Miller has recently produced key works for Robert Plant, Shawn Colvin and the late Solomon Burke; Electric was recorded at his Nashville home. "I listened to the records he had done and thought that was the kind of sound I wanted," says Thompson. "Slightly rough and garagey; a record that sounds like it has been recorded in a house. Funny that! It was great fun. Buddy is a really good musician and producer, and he tends to leave his ego at home – oh hang on, he was at home. He tends to leave his ego in the shed. Whatever a track requires he will bring it. He's very flexible and has a good pair of ears."
Thompson, of course, is one of the treasures of British music. Now 63, he has been making a living from playing, writing and singing for almost half a century. Electric is "something like" his 15th solo studio record; then there are the five albums he made with folk-rock pioneers Fairport Convention in the late 60s, the six he made between 1974 and 1982 with his first wife Linda Thompson, as well as numerous live albums, fan club and boutique releases, film soundtracks, collaborations, side projects. In 2010 he curated the multi-form musical festival Meltdown. Can he make sense of it all? Does he want to?
"No, I don't really need or want to," he laughs. "If you're a performing singer-songwriter then you revisit the whole spectrum of your career every night in a way that a painter or novelist or playwright doesn't. It's a strange thing. If I sing a song like Meet on the Ledge I'm thinking, I wrote this when I was 19 years old.
"It's juvenile, it's naive, and I wouldn't write it now, but I can't really change the lyrics because it is too much in the public domain. So I have to find a way to relate to the lyrics in a way that has meaning for me now to sing it convincingly and give it emotion. It's an interesting problem."
Thompson grew up in London in the grey 1950s listening to early rock and roll, folk and jazz. With a displaced Scot for a father, for want of anything better to do on long Sunday afternoons he would immerse himself in the books of Border Ballads, Robert Burns and Walter Scott that littered the shelves. "It's fairly dark stuff," he says. "There's a lot of murder, a bit of incest, lots of magic and strange supernatural things. I just grew up to think that was normal." Only now, he says, can he "really see the roots of my music, which go back to then, when I was nine or 10 years old. To me, pop music is this fluffy stuff, whereas traditional music is just normal." Certainly, his own music has always displayed a pronounced leaning towards the darker, more melancholy side of life. From past classics such as The End of the Rainbow to several (OK, almost all) of the songs on Electric, there has never been any shortage of what he cheerfully calls "the bleaker stuff".
It's one way for an exile to stay connected.
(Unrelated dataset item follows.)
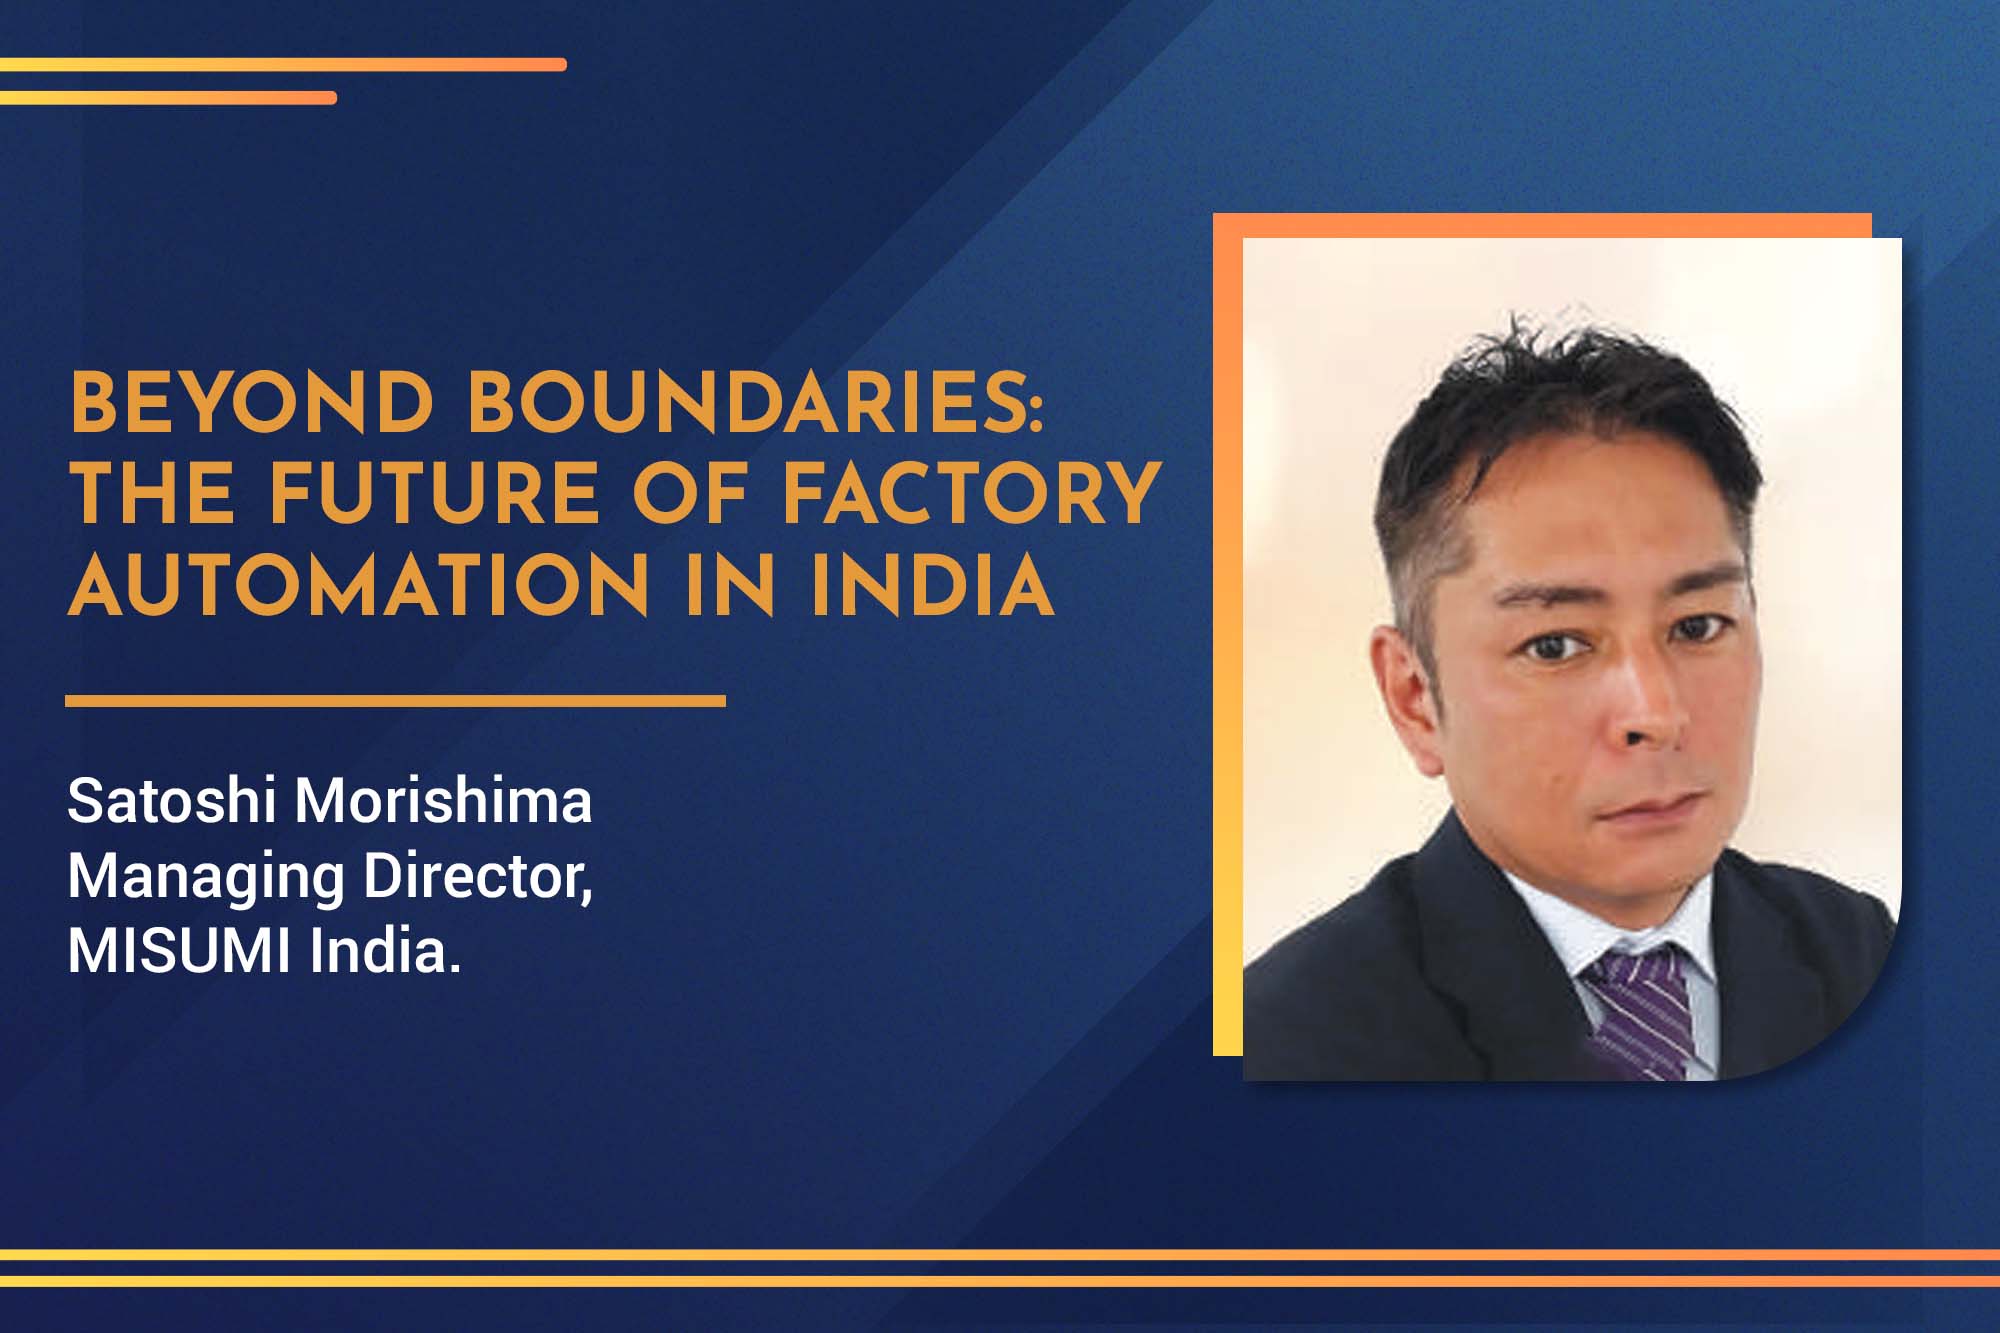 Beyond boundaries: The future of Factory Automation in India

Despite having lived for the past 30 years in Los Angeles, not only does he keep in touch with home via the internet – "I have Radio 4 on my laptop and I read the papers online" – but his music rarely travels far from a deep-rooted sense of Britishness.
"I like that landscape," he says. "I always picture a windswept moor as the setting for the characters in my songs, or a grey suburb in the 50s or the 60s. I like the cadences of British speech, the things you hear on the street in Glasgow or London or Liverpool, and they tend to sneak into songs.
"I'm less influenced by what I consider the outside stuff: where I am physically. I'm more concerned with this inner landscape where the drama happens. It all helps to put the picture together. A lot of my songwriting is trying to address those questions: Who am I? Where do I come from? How come my parents were the way they were?"
Vibrant, varied and moving, Electric is simply the latest instalment in Thompson's compelling search for the answers.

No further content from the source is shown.